2. Eliminate regional and (especially) national banks. This is a very new thing, allowing banks to be larger than statewide. Letting banks be national has not provided any benefits to consumers or society, it has just allowed CEO-s and deal-makers to satisfy their egos. 3. Regulate credit cards exactly as we do banks. Banks are not allowed to charge usurious interest, yet credit cards get away with it all the time. That was one of the main reasons they were invented - as a way to sneak around the existing bank regulations. Bring them into the regulatory fold!
4. eliminate the shadow stock and bond trading markets. These are being used to drastically manipulate the stock market, and to give insiders an edge (all legal right now). This is what the robber barons did in the gilded age.

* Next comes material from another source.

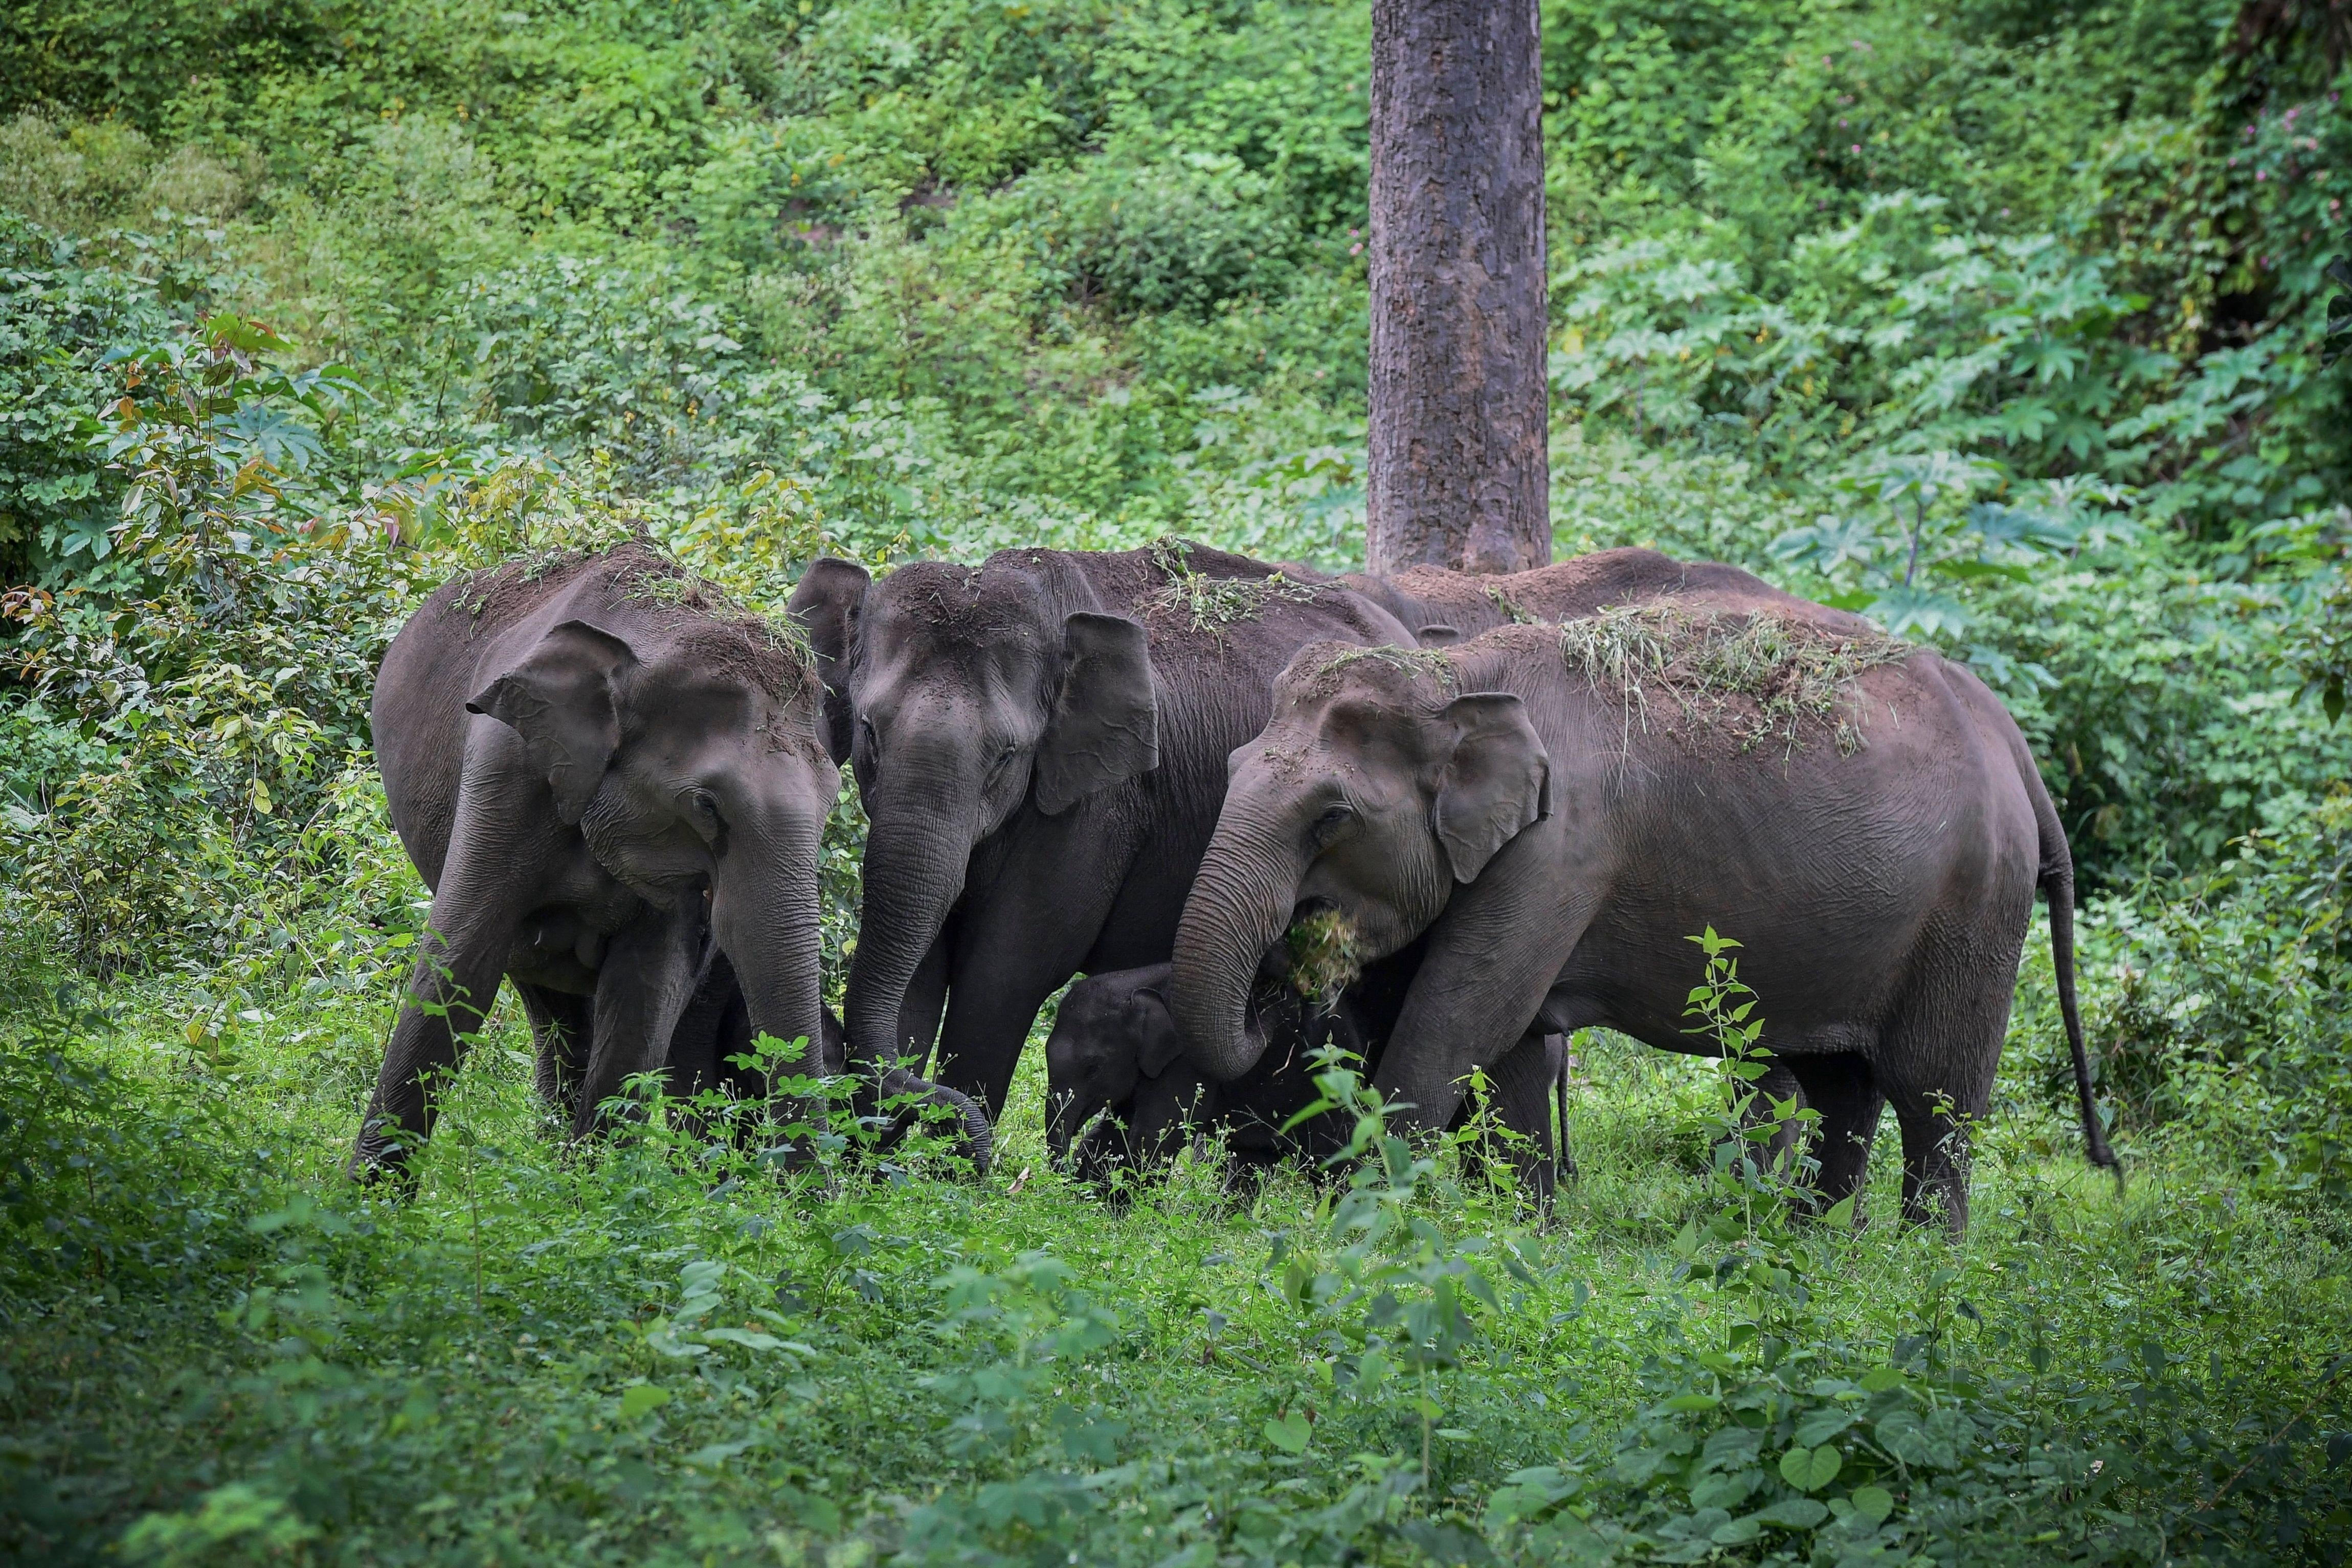 A herd of elephants in the wild

It is back, and needs to be eliminated.
5. Charge the SEC or some government agency with monitoring new "financial vehicles". Lack of oversight is why derivatives and CDO's and their ilk were created. They are not new, creative ways to do finance, nor are they the "wave of the future". They are created solely as a means of circumventing existing regulations, so the "inventors" can cash in on huge profits for activities that should be either banned or regulated.
6. Break apart investment and "real" and commercial banks, as was the case for most of the period since the Great Depression. All of those protections were put in place for valid reasons, and were cast aside by profiteers.
Doing these things will go a long way towards restoring balance. No socialism, just common sense regulation.
I'll support #1, 4, and 5. Your other proposals are counter-productive. I will also comment that you have seriously misjudged the reasons for #4 and 5. The idea is good, your rationale is poor.